- [INFORMATION SHOWN]

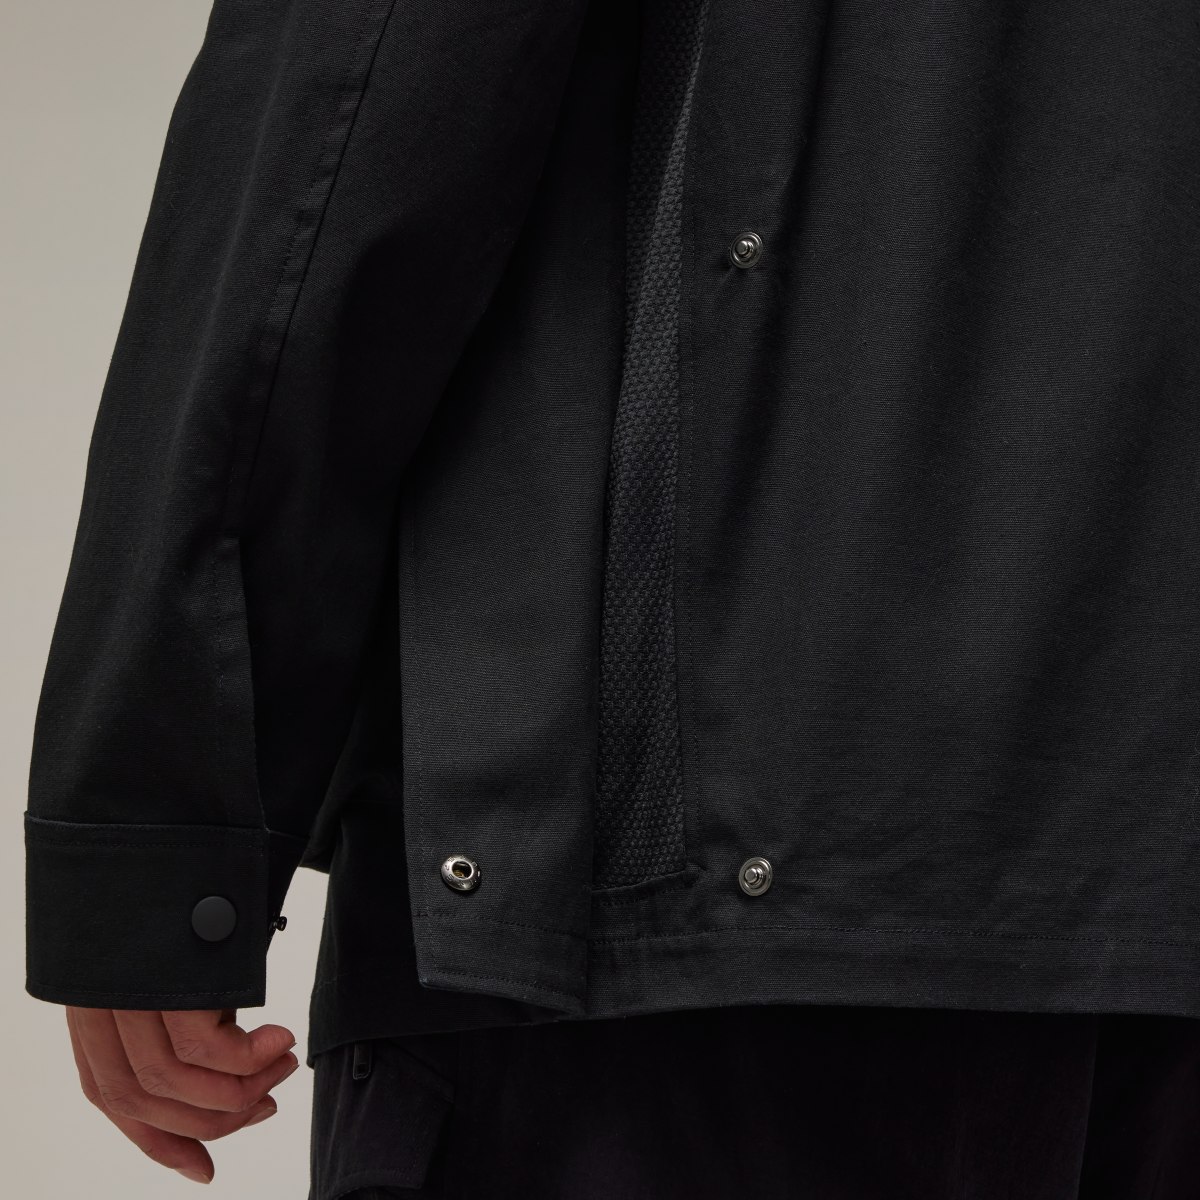 Adidas Y-3 Long Sleeve Pocket Overshirt. 7
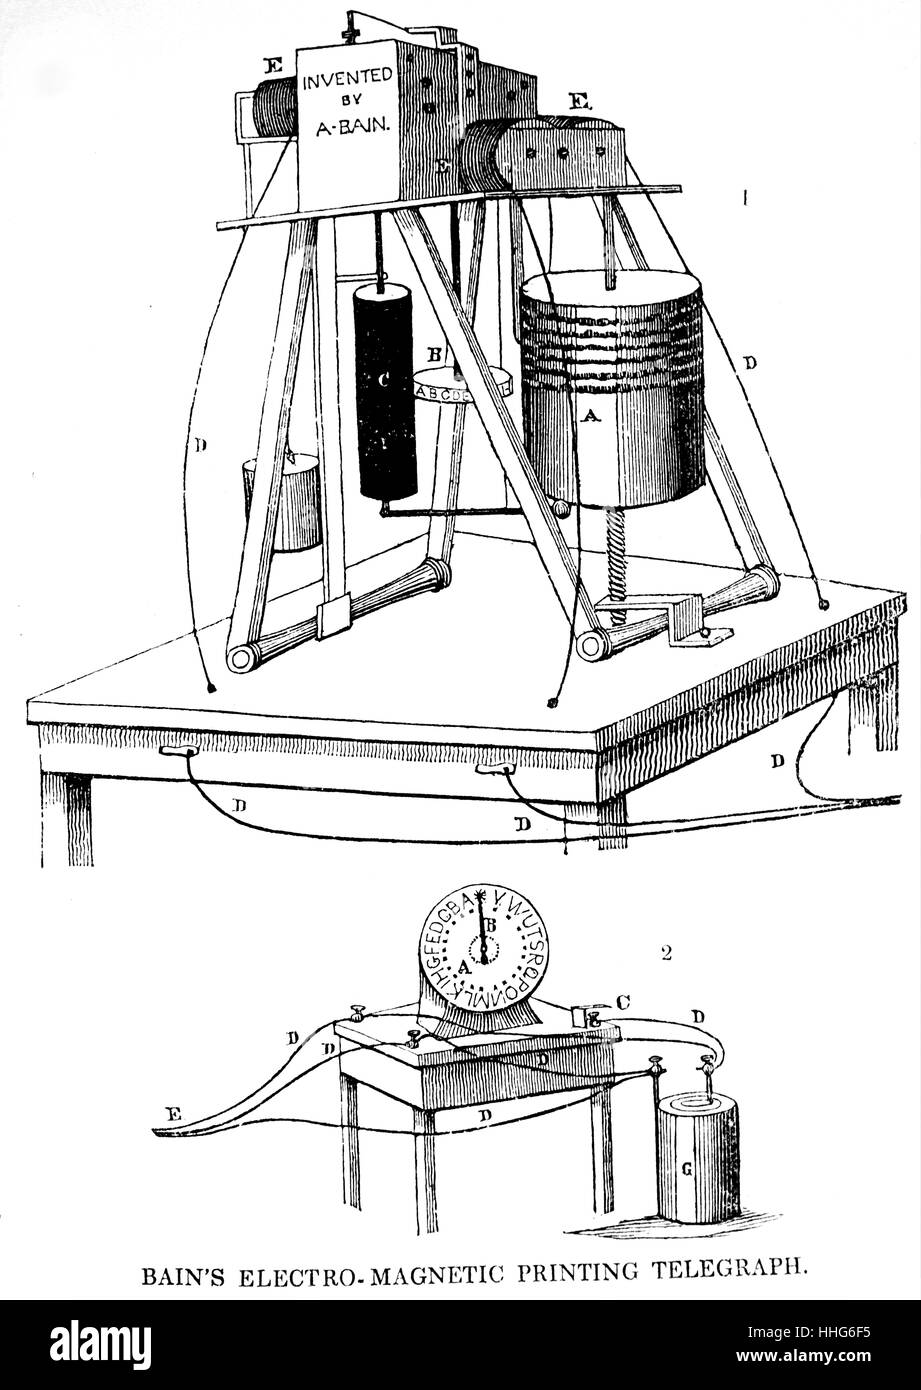 Impression électromagnétique télégraphe inventé par Alexander Bain, exposées à la Royal Polytechnic Institution, Londres. Alexander Bain était un inventeur et ingénieur écossais qui a été le premier à inventer et breveter l'horloge électrique. Il a installé le chemin de fer des lignes télégraphiques entre Édimbourg et Glasgow. Banque D'Images
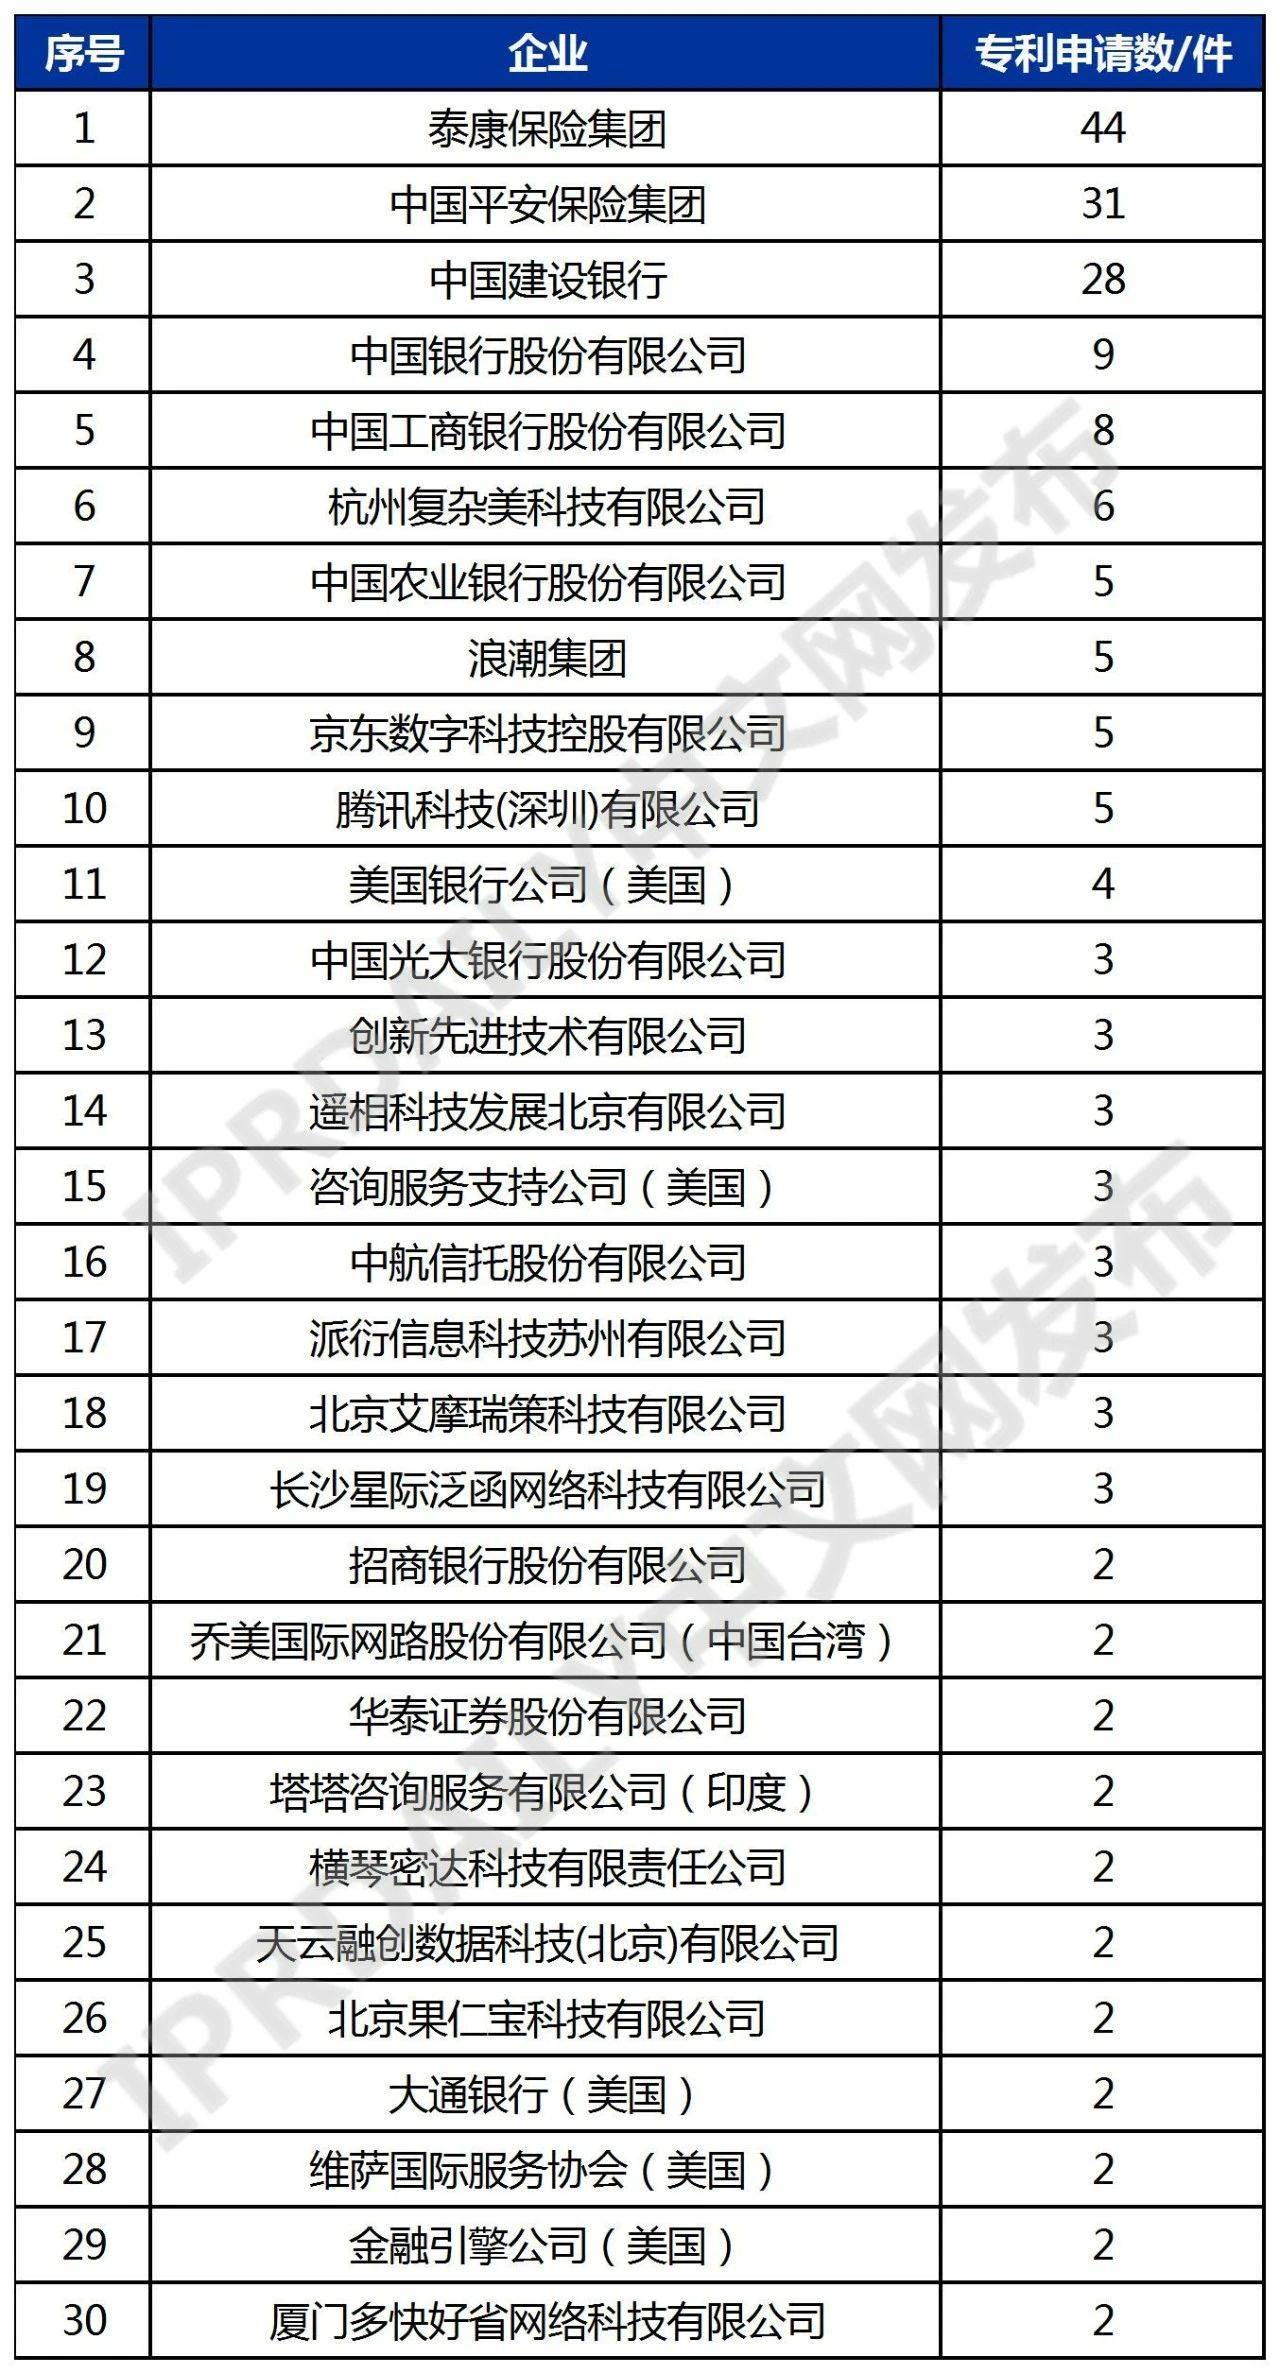 中国年金科技专利排行榜（TOP30）

- [WHAT YOU NEED TO DO] All the lines above are to be reproduced exactly, except the pictures.

- [EXERCISE OUTPUT]
 Adidas Y-3 Long Sleeve Pocket Overshirt. 7
 Impression électromagnétique télégraphe inventé par Alexander Bain, exposées à la Royal Polytechnic Institution, Londres. Alexander Bain était un inventeur et ingénieur écossais qui a été le premier à inventer et breveter l'horloge électrique. Il a installé le chemin de fer des lignes télégraphiques entre Édimbourg et Glasgow. Banque D'Images
 中国年金科技专利排行榜（TOP30）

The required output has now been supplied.